*Instructions to follow*: Return the data word for word. Pictures are to be omitted.

*Input data*:
"""

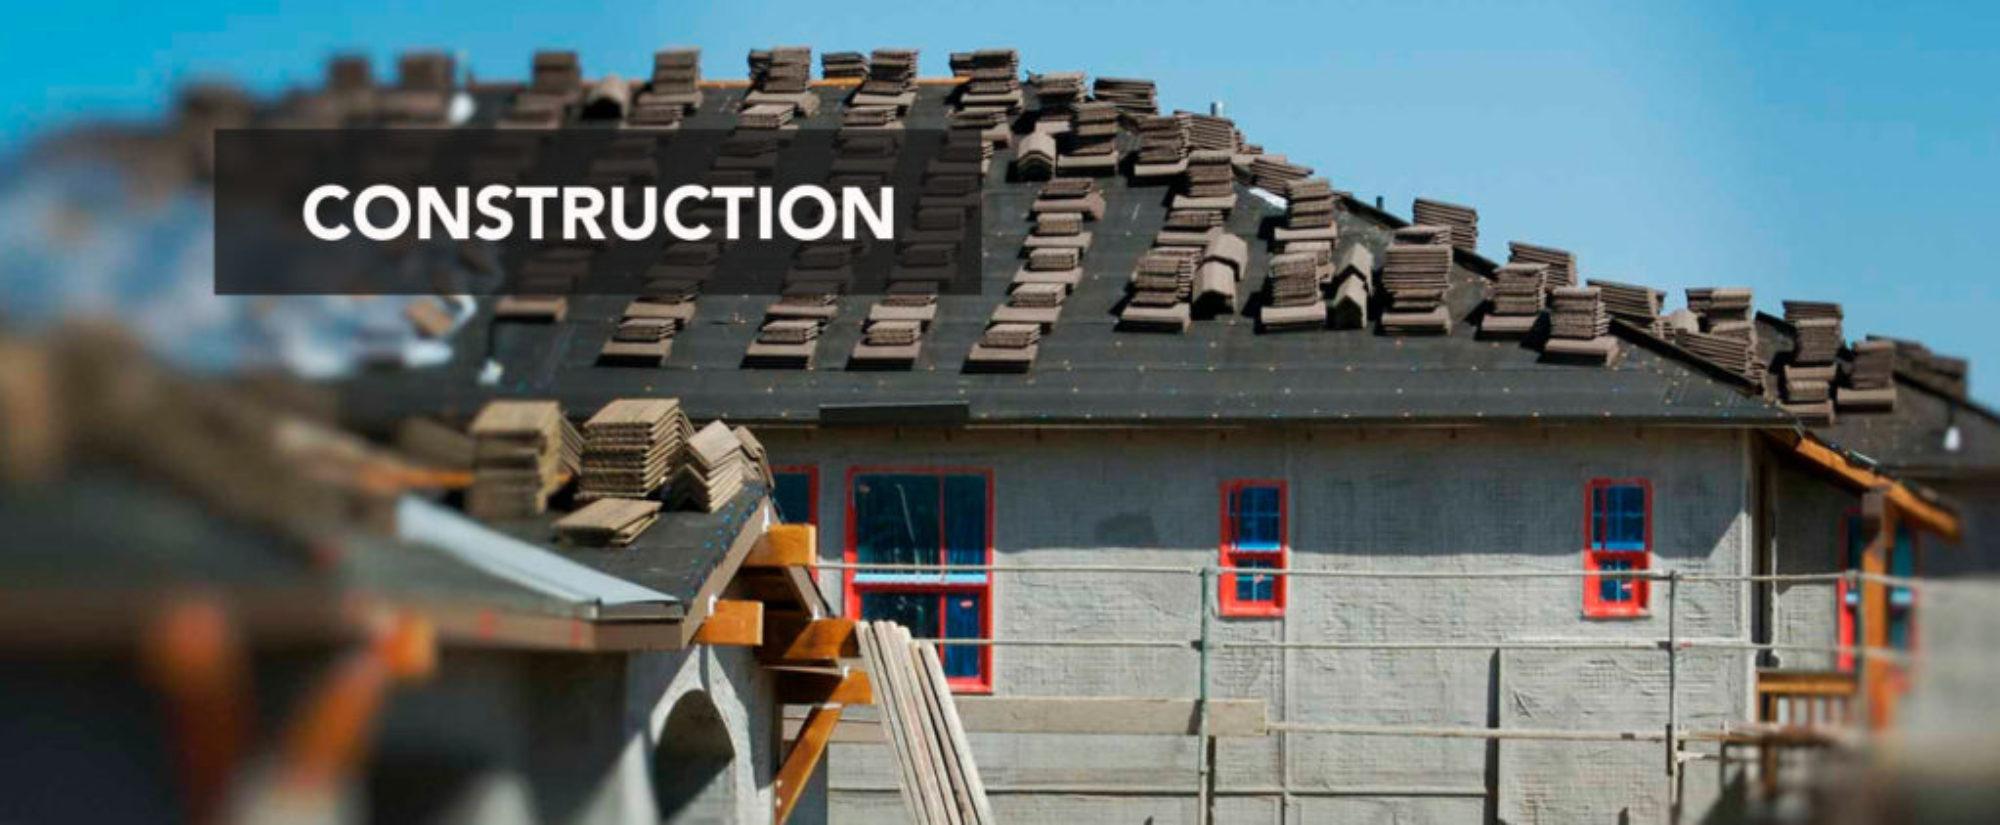 Construction-2019
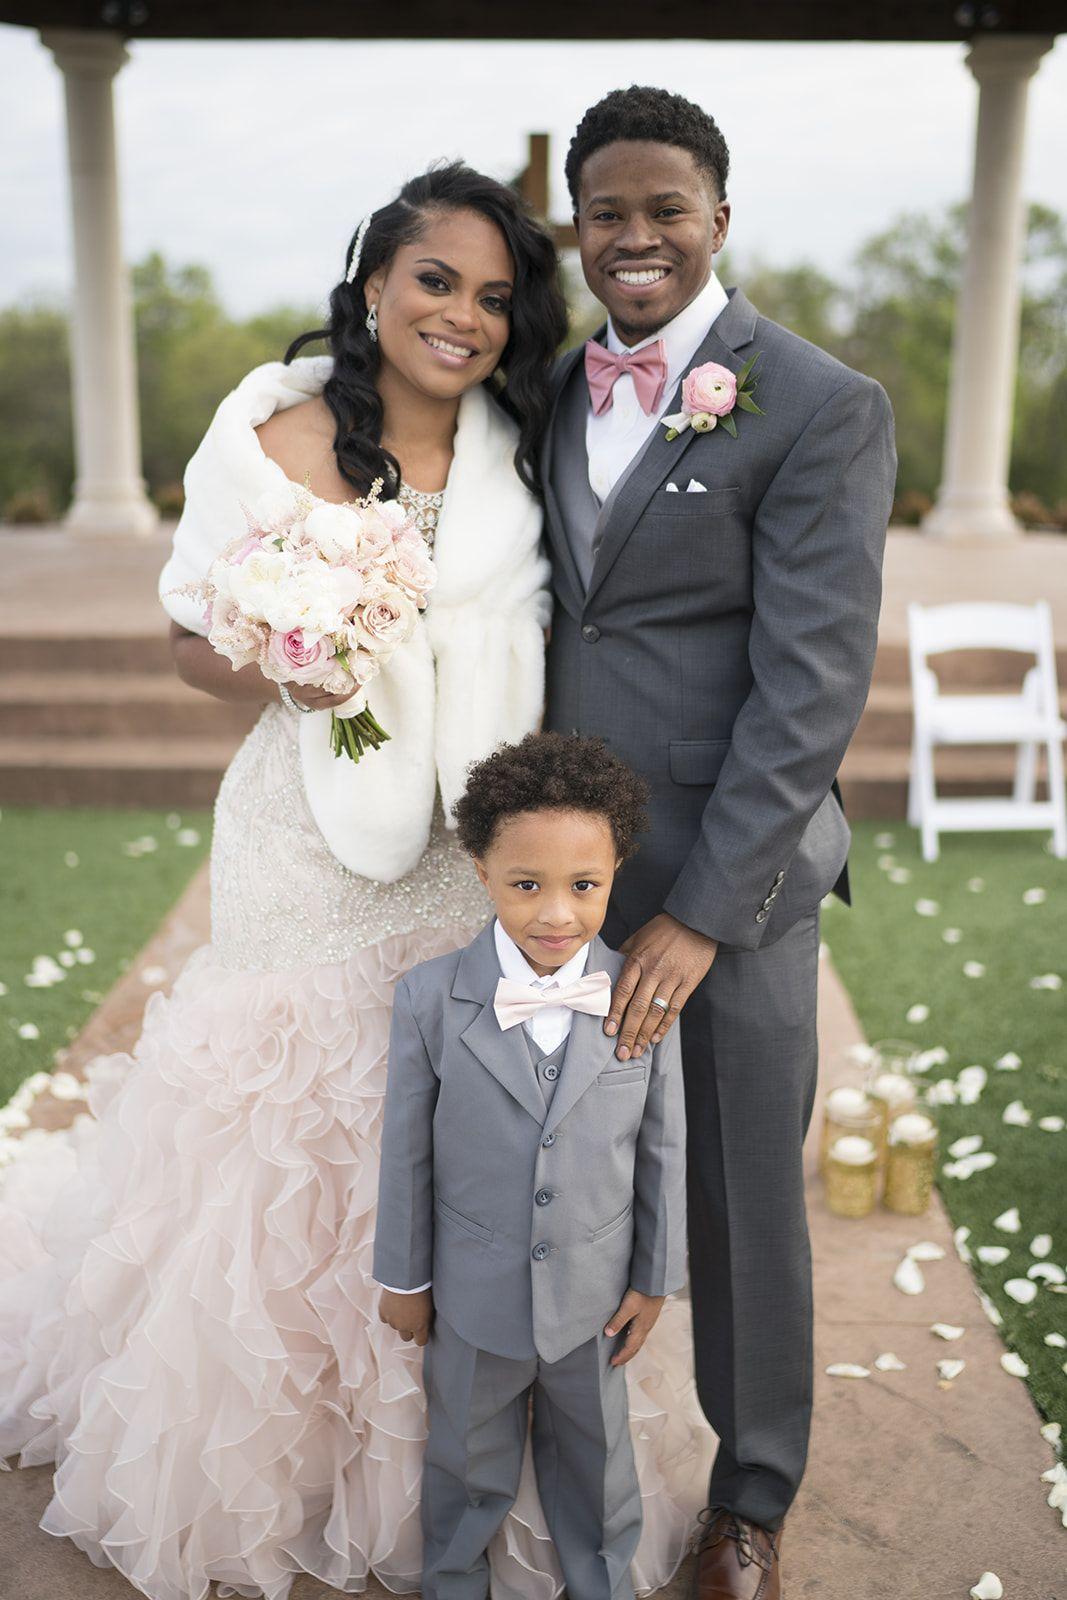 Luxury Wedding Ring Bearer Ring Bearer In A Light Grey Suit
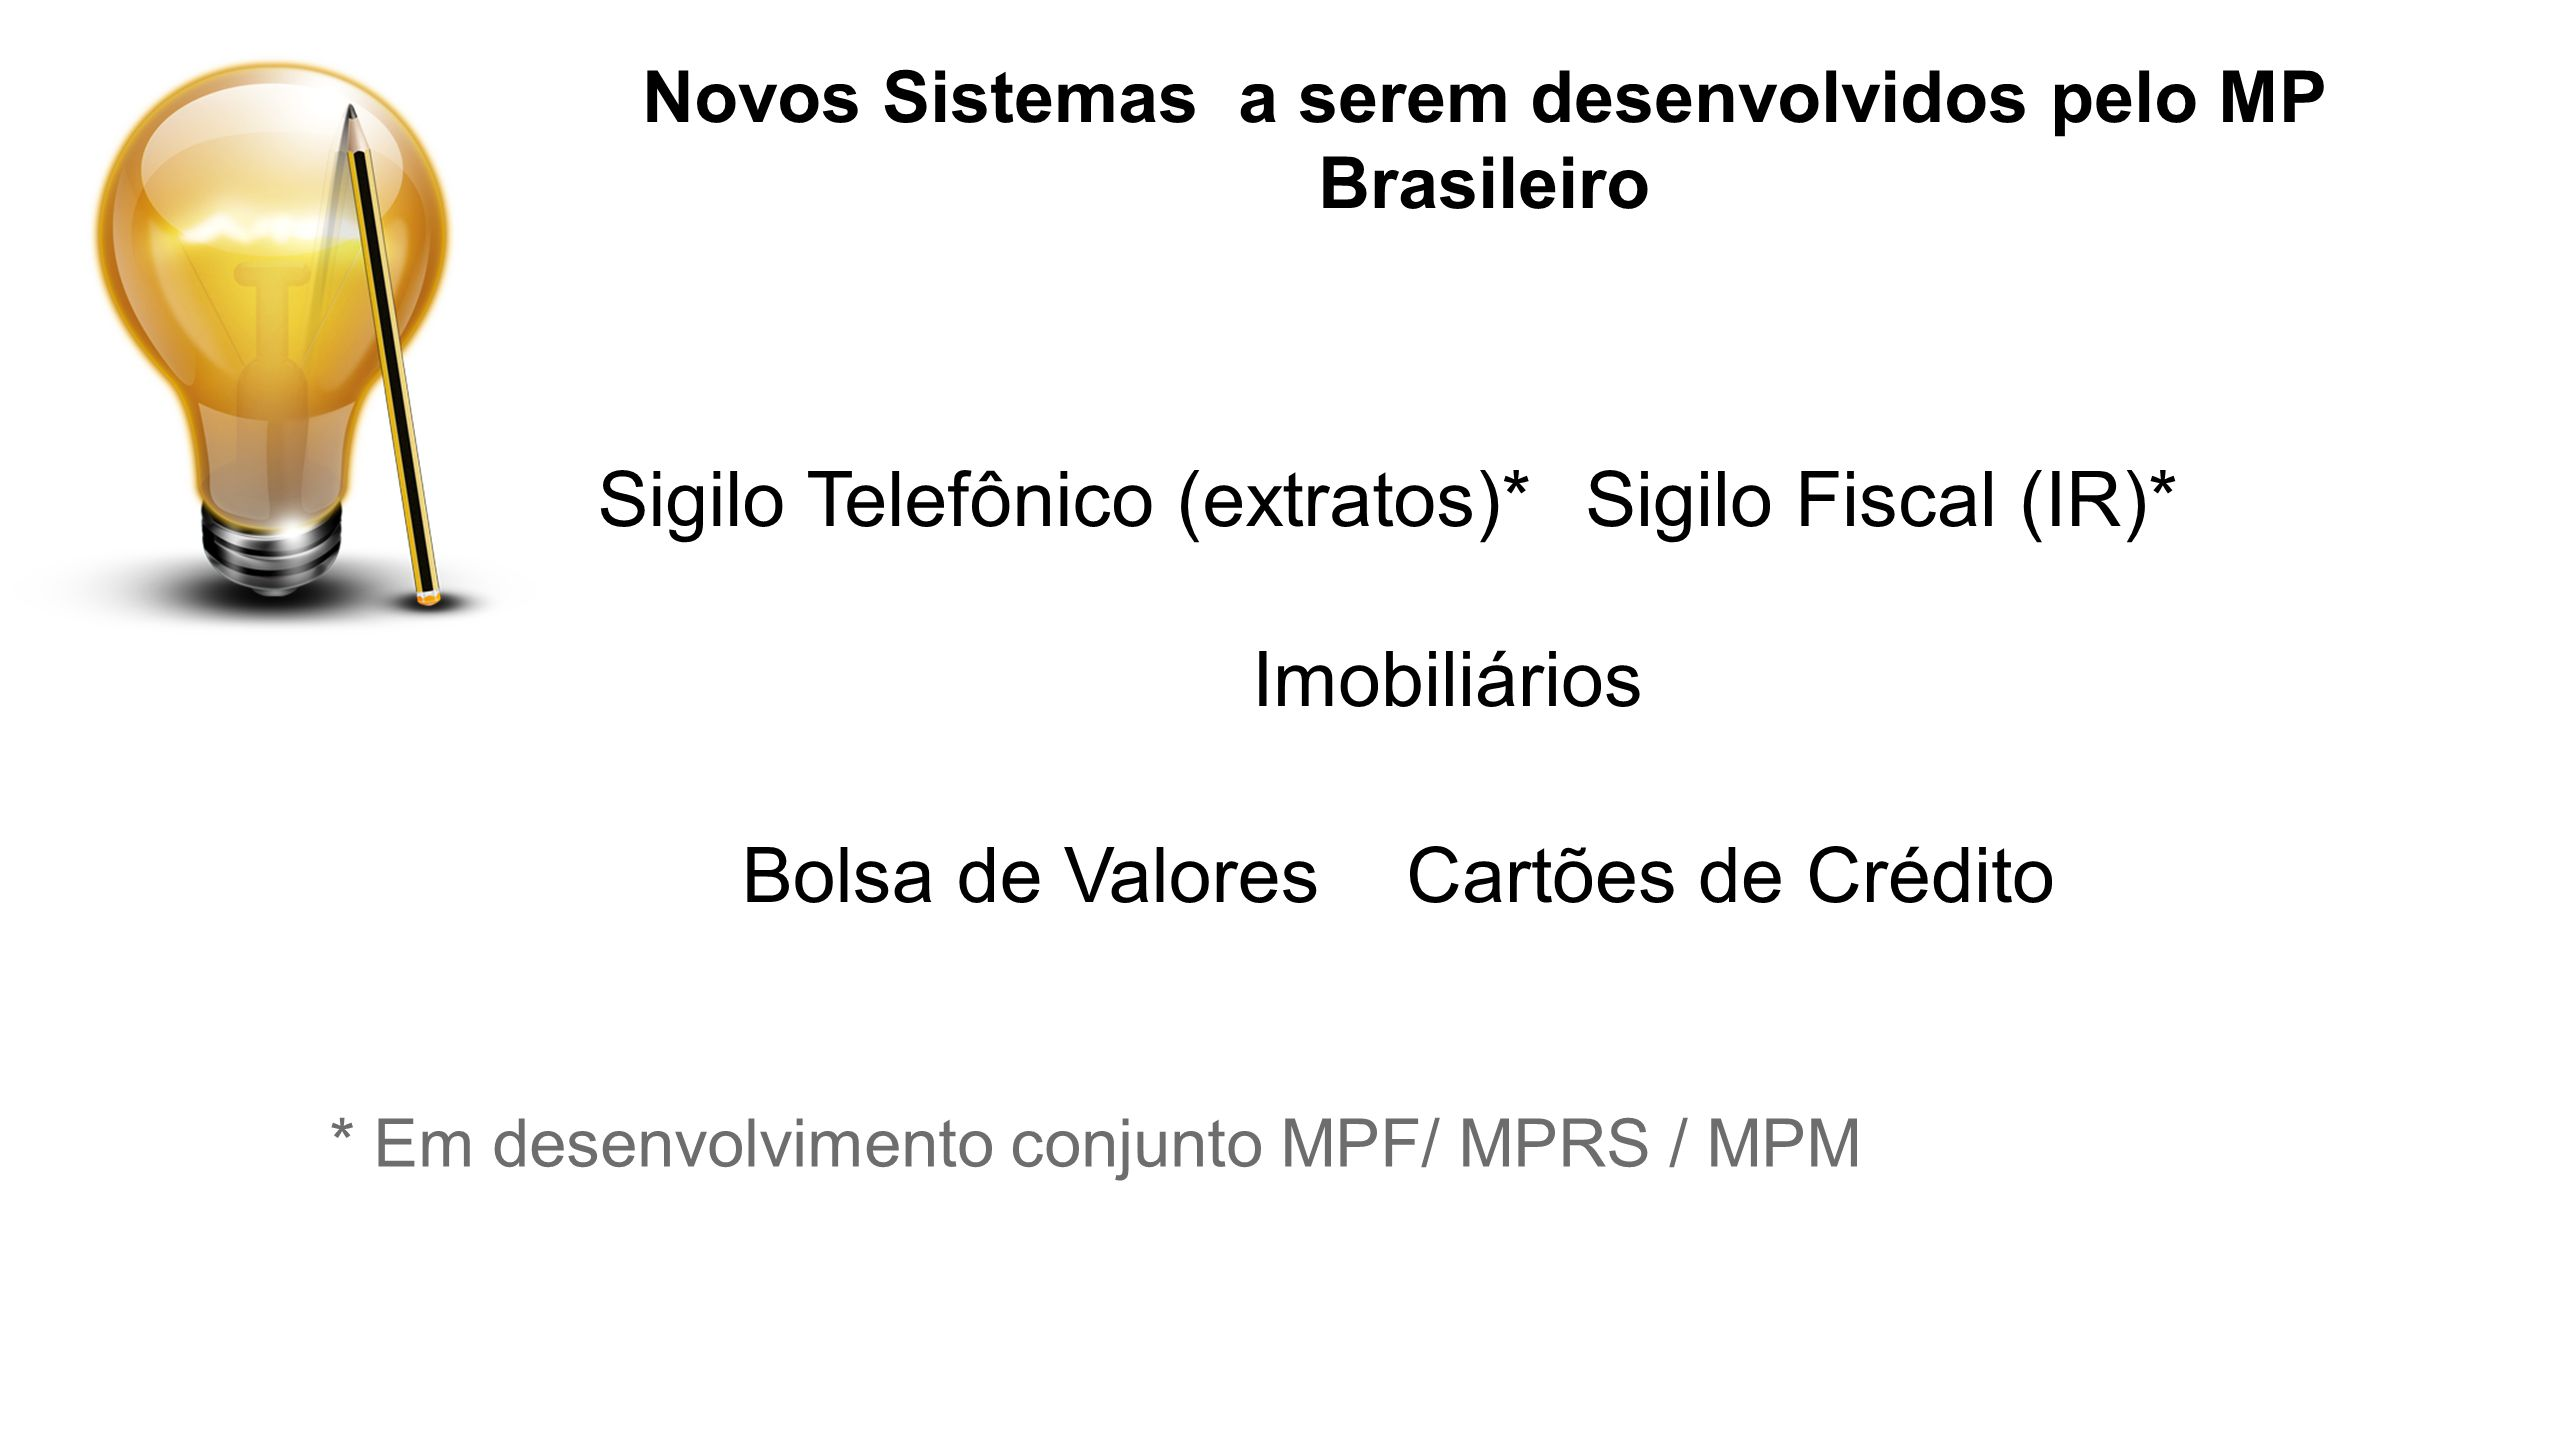 Novos Sistemas a serem desenvolvidos pelo MP Brasileiro

"""

*Worked solution*:
 Construction-2019
 Luxury Wedding Ring Bearer Ring Bearer In A Light Grey Suit
 Novos Sistemas a serem desenvolvidos pelo MP Brasileiro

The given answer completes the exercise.